Solar system observations were the experimental data for gravitational theory. Newton and Laplace showed that gravity must be instantaneous or propagate much faster than light to explain planetary orbits. Poincare used relativity to show that gravity could propagate at the speed of light, and also to partially explain anomalies in Mercury's orbit. Einstein showed that a Ricci-flat spacetime could fully explain the Mercury anomaly, and that convinced him that he had the correct relativistic gravity theory.

Other aspects of GR were not properly tested until decades later, but experiment was still crucial for its original development.

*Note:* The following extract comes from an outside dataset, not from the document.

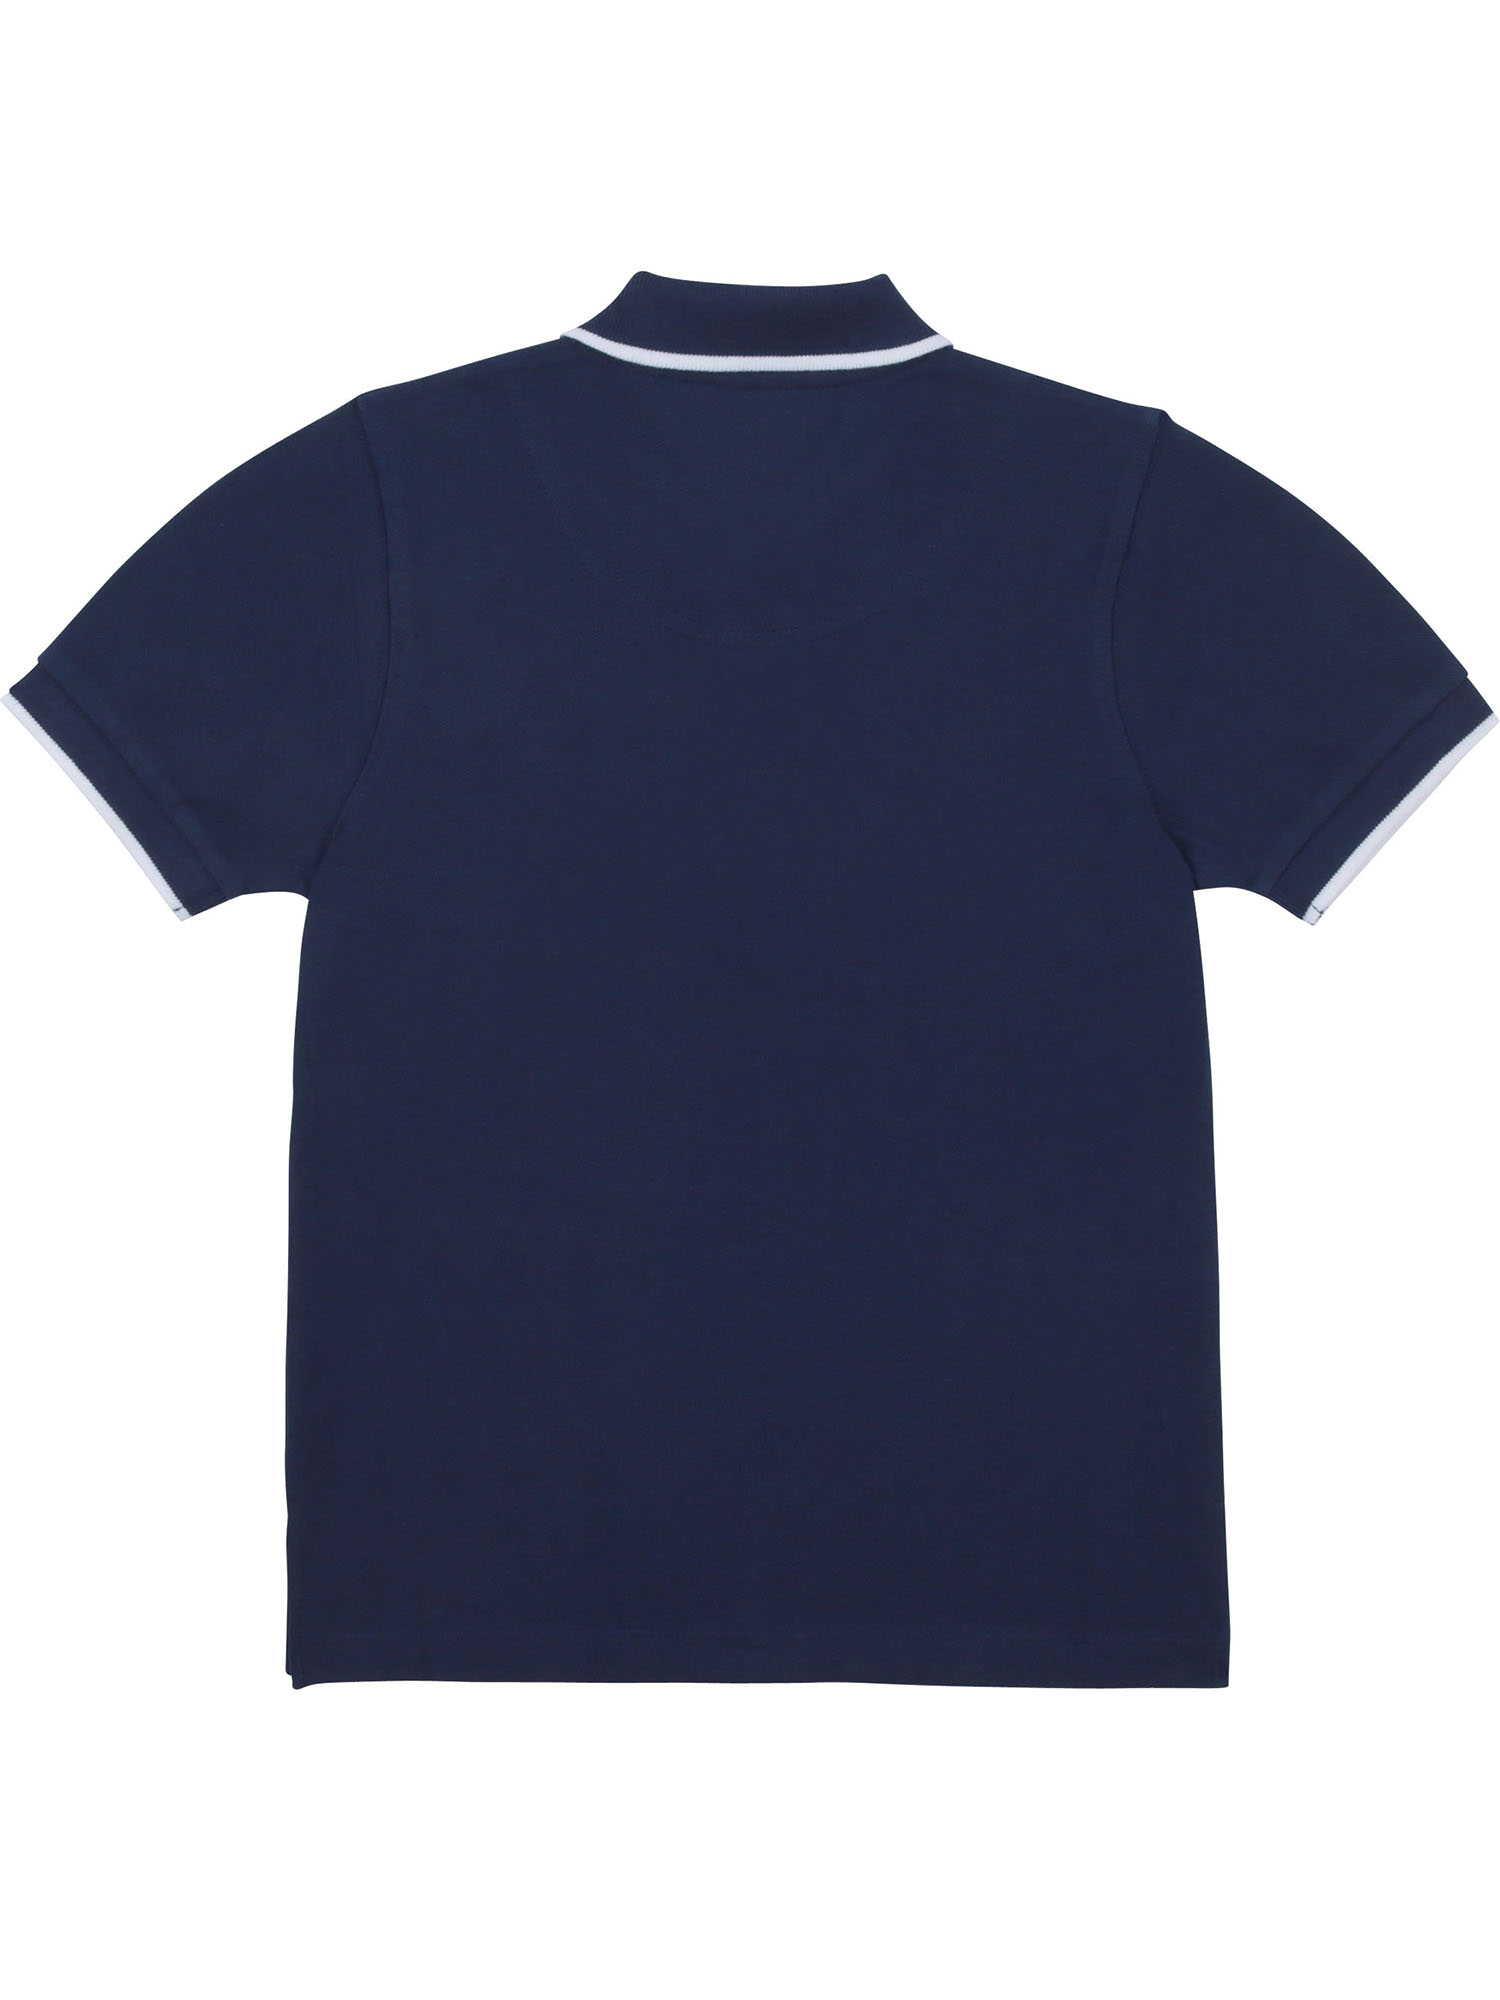 Koszulka polo chłopięca Timberland T25T21/85T Granatowy

In the last month there have been a lot of rumors about a pending announcement of the discovery of gravity waves, and the news stories always say that this would be a vindication of Einstein's theory of general relativity. As a reader points out, Einstein himself did not believe in gravity waves, and tried to publish a paper proving that they did not exist. It was Einstein's only refereed paper, and the referee said that it was wrong.

Poincare proposed a theory of relativistic gravity waves in 1905. He was decades ahead of Einstein on this point.

3 comments:

  1. Is there any movement possible in spacetime? No. You have already employed your time metric (badly) as a fourth spatial dimension (time is not space or geometry). Unless you wish to screw with meta-time, literally nothing ever can happen (much less move, orbit, collide, or affect one another) in spacetime. Movement is not an illusion, neither is time, though it does appear that people who think so were just born an instant ago.


    How is a model which can not account for movement, an impulse to motion, or have more than a single mass be so useful for determining anything but how dysfunctional physics has become?

    The basis of all physics is actually the study of motion in time and how those motions interact with various forces and other objects. All observation of the influence of gravity has ALWAYS been through motion, no motion no interaction, no interaction no observation of the effects of gravity.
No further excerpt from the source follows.